Barker noted Dobbs addressed previability elective abortions, not emergency abortions.
She then pointed to Planned Parenthood Great Nw. Haw., Alaska, Ind., and Ky., Inc. v. Cameron, a case out of the Western District of Kentucky holding that “patients retain a liberty interest in non-elective emergency abortion procedures for the life or health of the pregnant woman, which is protected by the Due Process Clause of the Fourteenth Amendment.”
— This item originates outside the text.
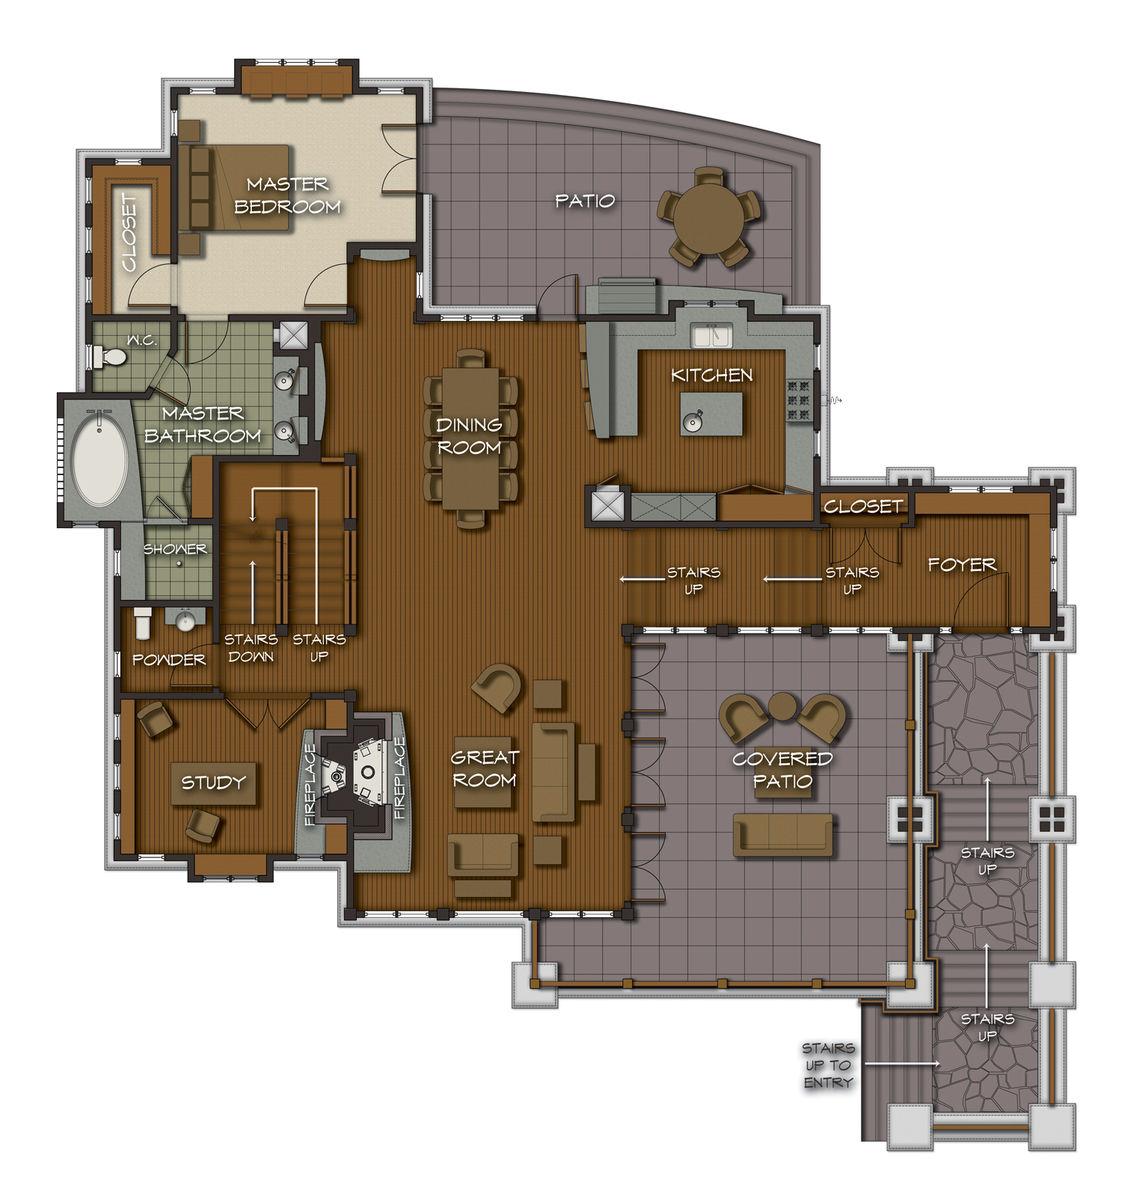 The Castle Rock Floor Plan By Canadian Timber Frames Ltd

“We agree with the Cameron Court that an ‘emergency abortion’ includes at the very least those circumstances in which the pregnant patient’s life or health is at serious risk,” Barker wrote. “… Indiana’s dismemberment ban includes an exception for the life and health of the mother. Accordingly, as currently framed, Plaintiff’s complaint does not state a plausible substantive due process claim based on her patients’ right to bodily integrity.
“However, given that Dobbs does not define ‘elective,’ it is not clear whether an exception such as that in the dismemberment ban which is only for the life and health of the pregnant patient necessarily covers all medical emergencies, including those that would complicate a pregnancy to a point where it would require an immediate, non-elective abortion,” Barker continued. “Nor is it clear post-Dobbs whether a statute placing conditions on receipt of emergency abortion procedures, thereby requiring a patient to undergo a more dangerous, lengthy, painful, and in some cases unavailable procedure in order to receive a non-elective abortion, could potentially implicate a substantive due process right.
“We simply cannot say at this juncture, therefore, that any amendment to the complaint would necessarily be futile, particularly in light of how recently Dobbs was decided and how much it has changed the constitutional landscape in the abortion context. For these reasons, we grant Defendants(‘) motion for judgment on the pleadings as to Plaintiff’s bodily integrity claim without prejudice.”
Barker gave Bernard 30 days to “file an amended complaint addressing the deficiencies identified in this order, if possible.”
The case is Caitlin Bernard v. Indiana Members of the Indiana Medical Licensing Board, et al., 1:19-cv-01660.
Friday’s order comes as the Indiana Supreme Court is considering the constitutionality of the state’s post-Dobbs abortion legislation, which bans abortions in most instances with limited exceptions for rape or incest, to protect the life or health of the mother, or fatal fetal anomaly.
Barker’s order notes that a D&E ban is included in that legislation, which is currently enjoined.